Can Objective Morality Exist Without God? (Round 3)

Yesterday marked the conclusion of my debate with Steven Dillion on objective morality and the existence of God. Here’s everything, in case you missed any of it:

Monday (11/4) – Joe’s opening statement (affirmative)
Tuesday (11/5) – Steven’s opening statement (negative)
Wednesday (11/6) – Joe’s rebuttal (affirmative)
Thursday (11/7) – Steven’s rebuttal (negative)
Friday (11/8) – Questions exchanged (three questions each)
Saturday (11/9) – Answers (Joe and Steven answer each other’s questions)
Sunday (11/10) – Joe’s closing statement (affirmative)
Monday (11/11) – Steven’s closing statement (negative)

From my closing statement:

In affirming the resolution, “Does objective morality depend upon God?” I’ve argued two things: (a) that objective morality can be grounded in God; and (b) that objective morality cannot be grounded in anything other than God. Steven challenged (b), claiming that moral truths like “suffering is inherently bad” are simply and intuitively true, and do not rely upon God.
In my rebuttal, I asked, “what does it mean to call agony ‘intrinsically bad,’ exactly?” If we mean that agony is inherently painful, that’s a tautology, not a moral claim. As Peter Geach explained in Good and Evil:
“[I]f I call a man a good burglar or a good cut-throat I am certainly not commending him myself; one can imagine circumstances in which these descriptions would serve to guide another man’s choice (e.g. if a commando leader were choosing burglars and cut-throats for a special job), but such circumstances are rare and cannot give the primary sense of the descriptions. It ought to be clear that calling a thing a good A does not influence choice unless the one who is choosing happens to want an A; and this influence on action is not the logically primary force of the word “good”.”
So, to turn “agony is intrinsically bad (painful)” into an objective moral claim, you would have to have an objective moral system (e.g., that we should always pursue pleasure and avoid painful or unpleasant things). But the terms don’t carry that system within themselves, and there’s no objective, non-theistic way to construct this or any other moral system.
On the other hand, if we mean that agony is an intrinsic evil, that’s false. Steven has yet to define his term, but his answer to Question 1 suggests that this is his meaning. I’ll proceed under that assumption.
To say that an act is intrinsically evil is to say that it may never be done. By “evil,” we mean that sort of thing that ought not be done; by “intrinsically,” we mean that it ought not be done of itself, without consideration of any consequences. We ought not rape, murder, etc., regardless of the good or bad consequences of an individual act of rape or murder.
But that’s not what Steven argues at all.

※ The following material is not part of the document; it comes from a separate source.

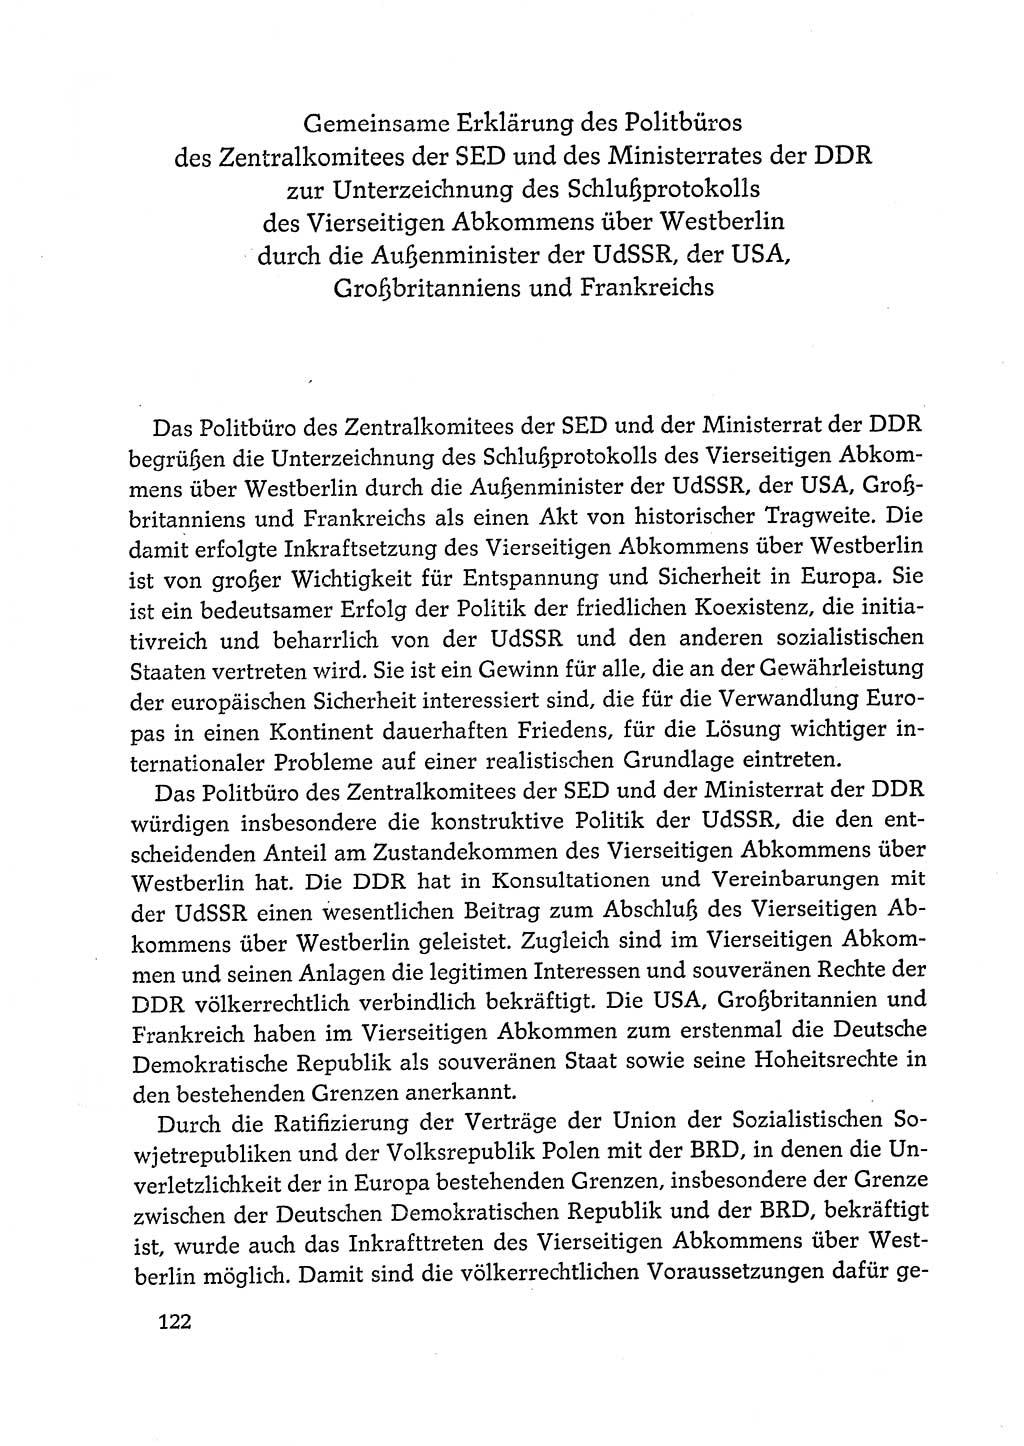 Dokumente der Sozialistischen Einheitspartei Deutschlands (SED) [Deutsche Demokratische Republik (DDR)] 1972-1973, Seite 122 (Dok. SED DDR 1972-1973, S. 122)

He says that suffering can be inflicted if it is the “lesser of two evils.” I asked about the case of a woman intentionally getting pregnant, given the pains of childbirth. He says that “if a woman has to endure the excruciating pain of child-birth so that the child may be born, we should permit the suffering, otherwise a child dies.” That’s telling, but not my question: if a woman chooses to get pregnant, the alternative isn’t that a child dies. It’s that a child is never conceived. So the “lesser of two evils” principle doesn’t apply. By Steven’s initial analysis, it would seem that every instance of intentional conception is evil. But now, it seems that he’ll permit agony not only to avoid greater evils, but also to achieve greater goods (like procreation).
If it is okay to inflict agony in some cases, then agony is not intrinsically evil. This refutes the claim that “agony is intrinsically bad (evil).”
At this point, Steven seems to have shifted to utilitarianism, a moral system which I rejected in my opinion statement, in a passage left unrebutted:
“[U]tilitarianism leads to unconscionable resultsNo action—slavery, rape, genocide, torture, etc.—could ever be described as objectively evil. We’d have to determine how much pleasure the slavemaster, rapist, genocidaire, and torturer derive (along with the pleasure or displeasure of the general public). Only after we’ve weighed all of those factors, could we determine whether the action is right or wrong.”
Steven hasn’t, and can’t, show this moral framework to be true, or binding upon anyone.
Stepping back from the particulars of the claim “agony is intrinsically bad,” is the broader problem of moral intuitionism, which I raised in my rebuttal: namely, that it’s not an objective moral code, since intuitions differ from person to person; that it provides no basis for rational decision-making, because there’s no mechanism for resolving competing values; and that all true moral intuition relies upon God.
Rockefeller Center
Steven gives an intriguing illustration of the moral system he’s defending:
“Think of a tall skyscraper. What grounds it? Well, you might say its foundation. And what grounds its foundation? You could say the land in which it is built in or upon. And what grounds the land? You could continue asking of each proposed grounding structure what grounds it. Assuming this cannot continue on indefinitely, you’ll reach a point where there simply is no deeper grounding structure: you’ve struck rock bottom. I’m saying that moral facts are grounded by other moral facts, and so on until we reach moral facts so foundational there’s just no further to go. This is radically different from saying that there is no rock bottom, and moral facts just sort of…free-float.”
I largely agree with this view. In fact, it’s virtually identical to the first three of Thomas’ Five Ways. But Steven stops too soon in his digging into the foundation: you can’t logically conclude that there are several rock bottoms. Even the moral claims he’s arguing that are irreducibly fundamental aren’t. If they were, he couldn’t say that they are permissible in some cases. To say that a certain truth is foundational, if it means anything, means that it’s not just true in certain situations.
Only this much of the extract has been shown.